Exercise directions - From the first line to the last, restate the material word for word; pictures stay out.

Data below -
# # #
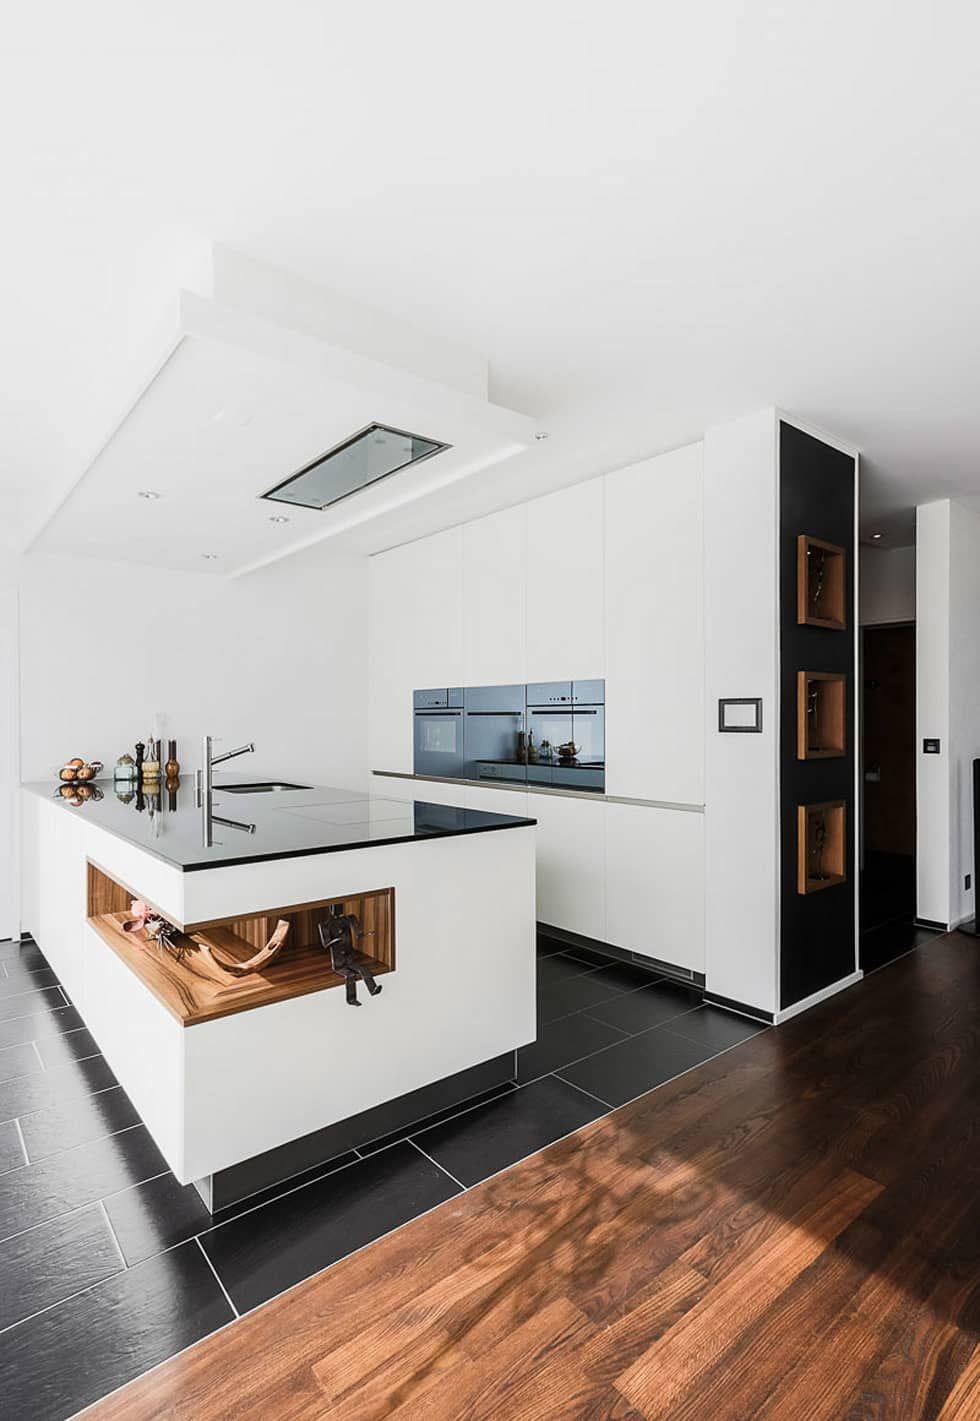 Grifflose Küchen • Küchen Ekelhoff | Cocinas | Pinterest | Kitchens ...
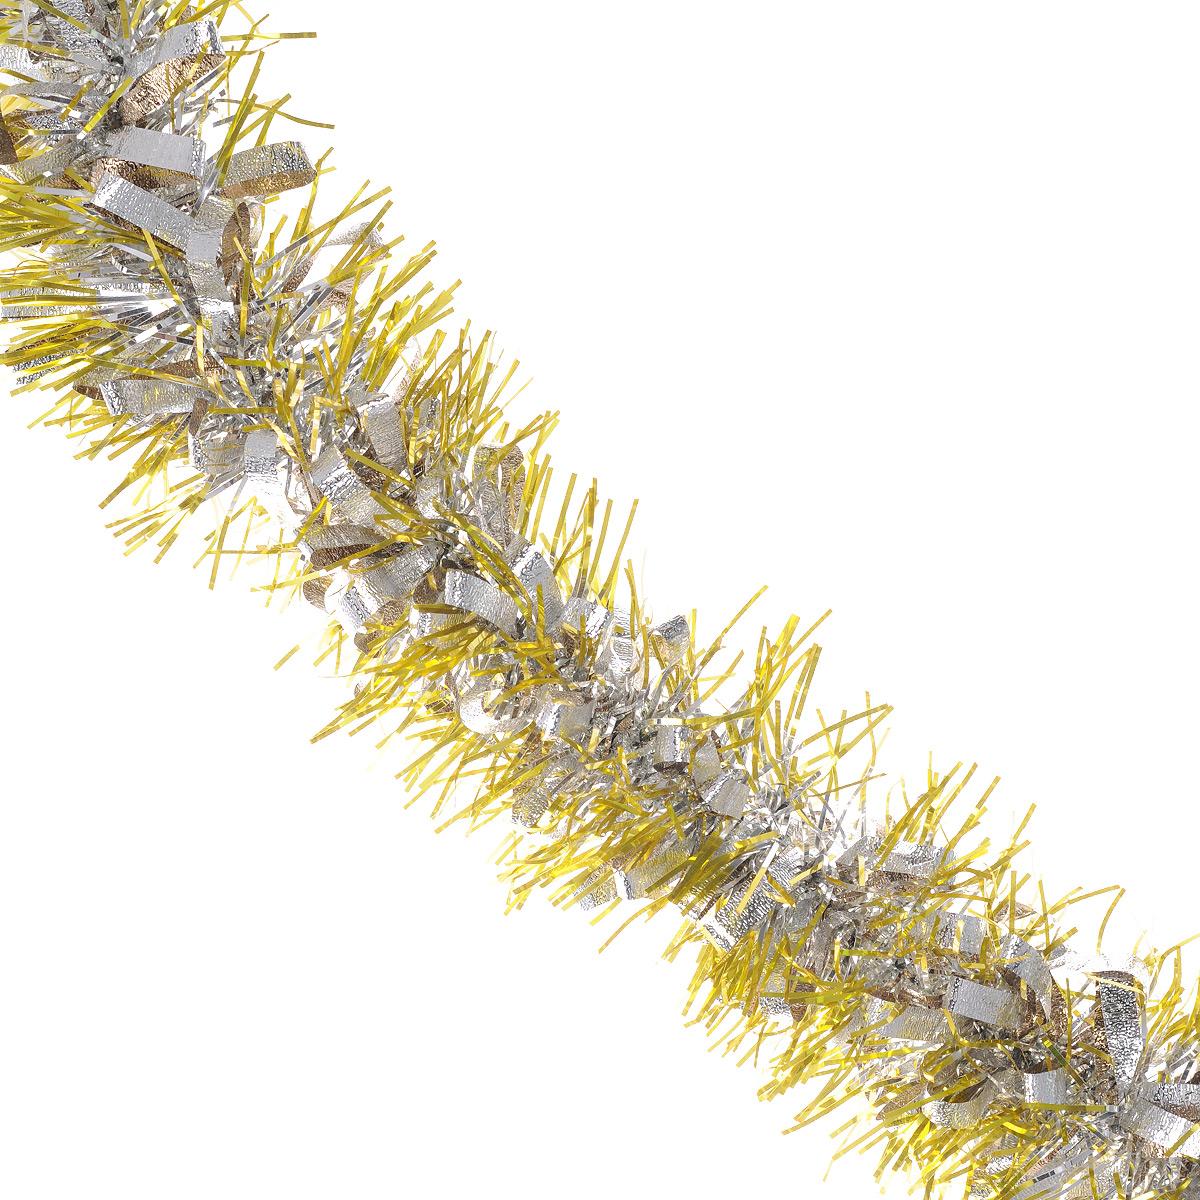 Мишура новогодняя Sima-land, цвет: золотистый, серебристый, диаметр 8 см, длина 2 м. 702579702579Мишура новогодняя Sima-land, выполненная из двухцветной фольги, поможет вам украсить свой дом к предстоящим праздникам. Мишура армирована, то есть имеет проволоку внутри и способна сохранять приданную ей форму.Новогодняя елка с таким украшением станет еще наряднее. Новогодней мишурой можно украсить все, что угодно - елку, квартиру, дачу, офис - как внутри, так и снаружи. Можно сложить новогодние поздравления, буквы и цифры, мишурой можно украсить и дополнить гирлянды, можно выделить дверные колонны, оплести дверные проемы. Коллекция декоративных украшений из серии Зимнее волшебство принесет в ваш дом ни с чем несравнимое ощущение праздника! Создайте в своем доме атмосферу тепла, веселья и радости, украшая его всей семьей.
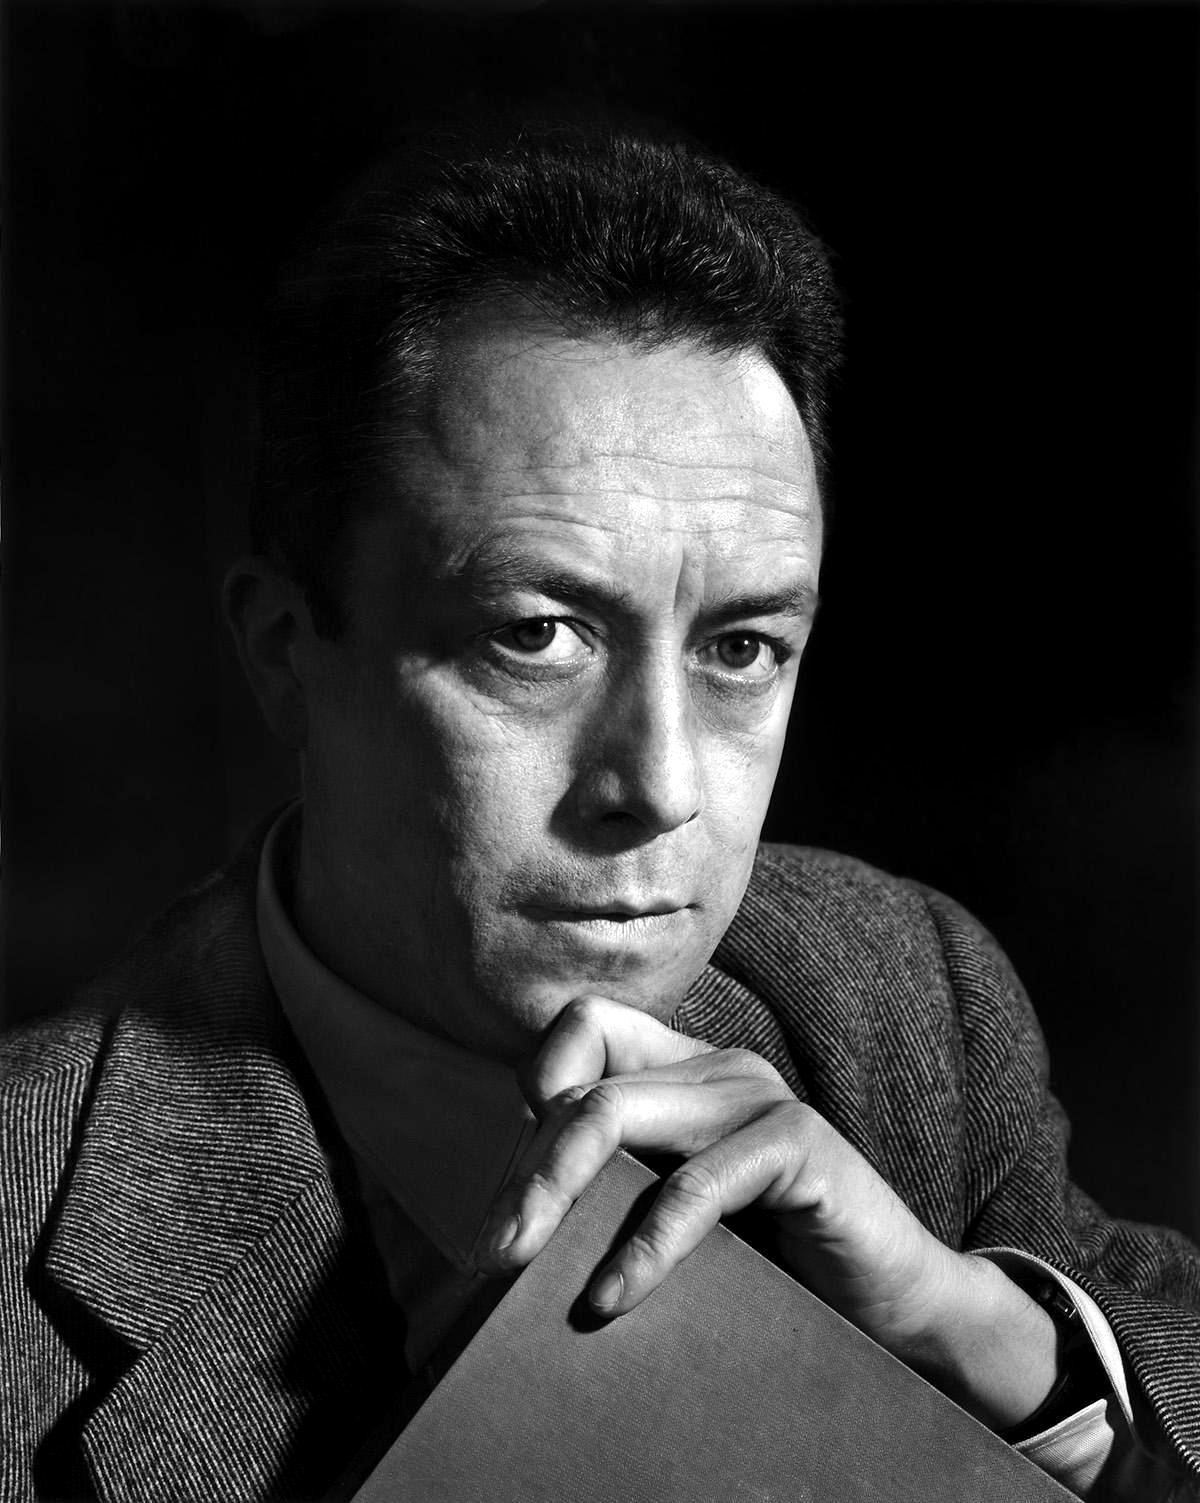 Albert Camus fotografiat per Yousuf Karsh
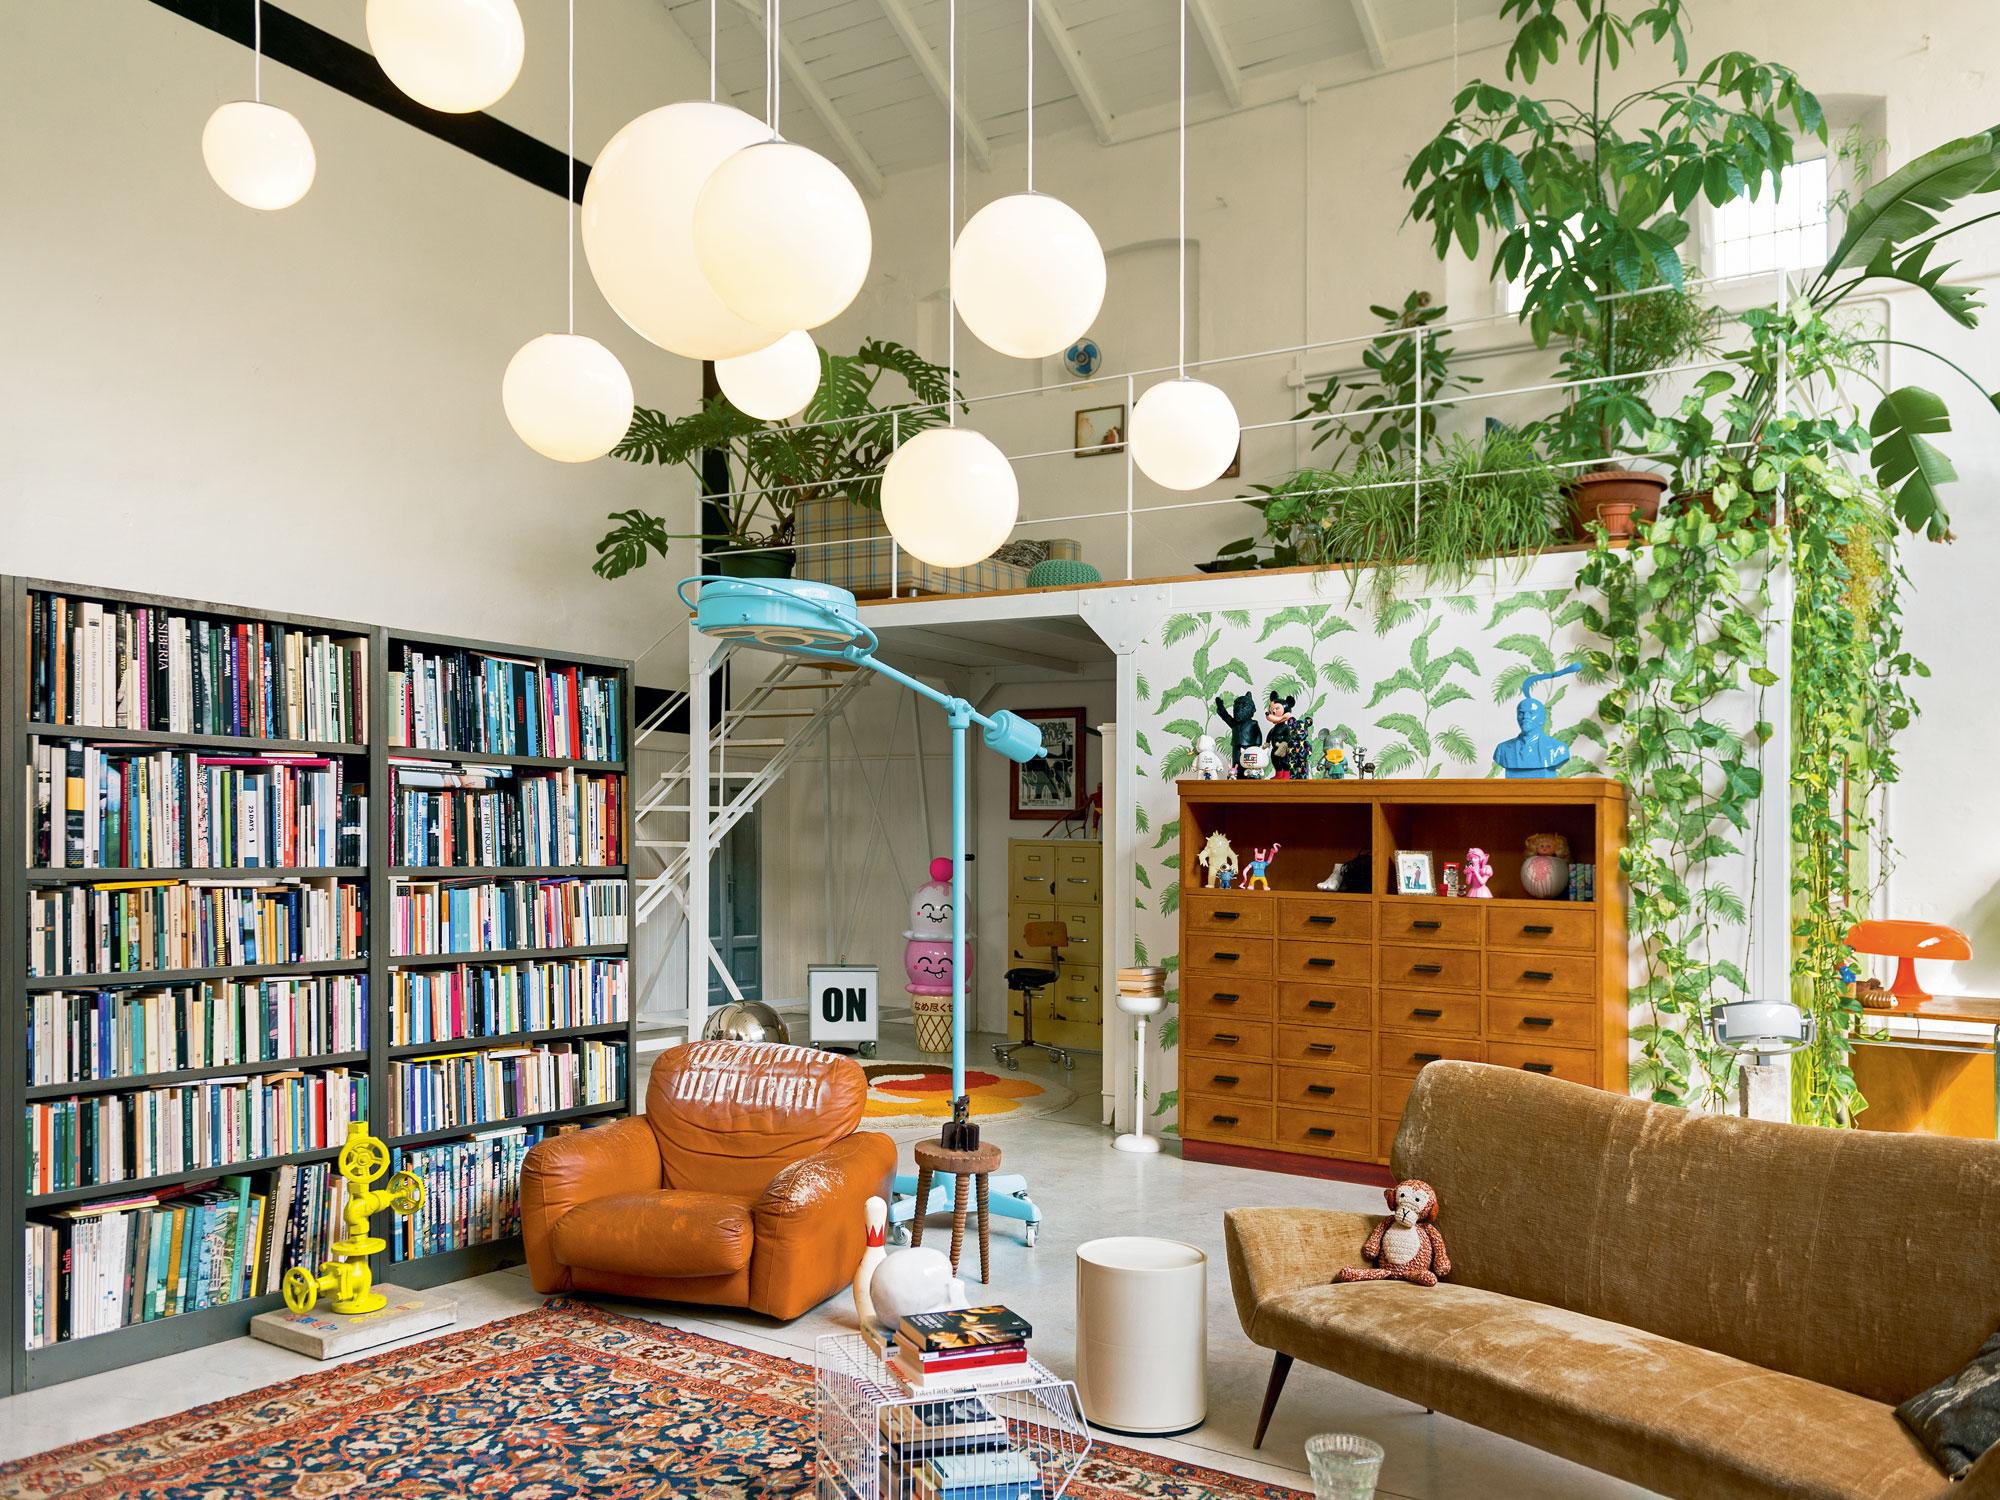 Casa design idee libro - Idee deco voor professioneel kantoor ...
# # #
Output of the task -
 Grifflose Küchen • Küchen Ekelhoff | Cocinas | Pinterest | Kitchens ...
 Мишура новогодняя Sima-land, цвет: золотистый, серебристый, диаметр 8 см, длина 2 м. 702579702579Мишура новогодняя Sima-land, выполненная из двухцветной фольги, поможет вам украсить свой дом к предстоящим праздникам. Мишура армирована, то есть имеет проволоку внутри и способна сохранять приданную ей форму.Новогодняя елка с таким украшением станет еще наряднее. Новогодней мишурой можно украсить все, что угодно - елку, квартиру, дачу, офис - как внутри, так и снаружи. Можно сложить новогодние поздравления, буквы и цифры, мишурой можно украсить и дополнить гирлянды, можно выделить дверные колонны, оплести дверные проемы. Коллекция декоративных украшений из серии Зимнее волшебство принесет в ваш дом ни с чем несравнимое ощущение праздника! Создайте в своем доме атмосферу тепла, веселья и радости, украшая его всей семьей.
 Albert Camus fotografiat per Yousuf Karsh
 Casa design idee libro - Idee deco voor professioneel kantoor ...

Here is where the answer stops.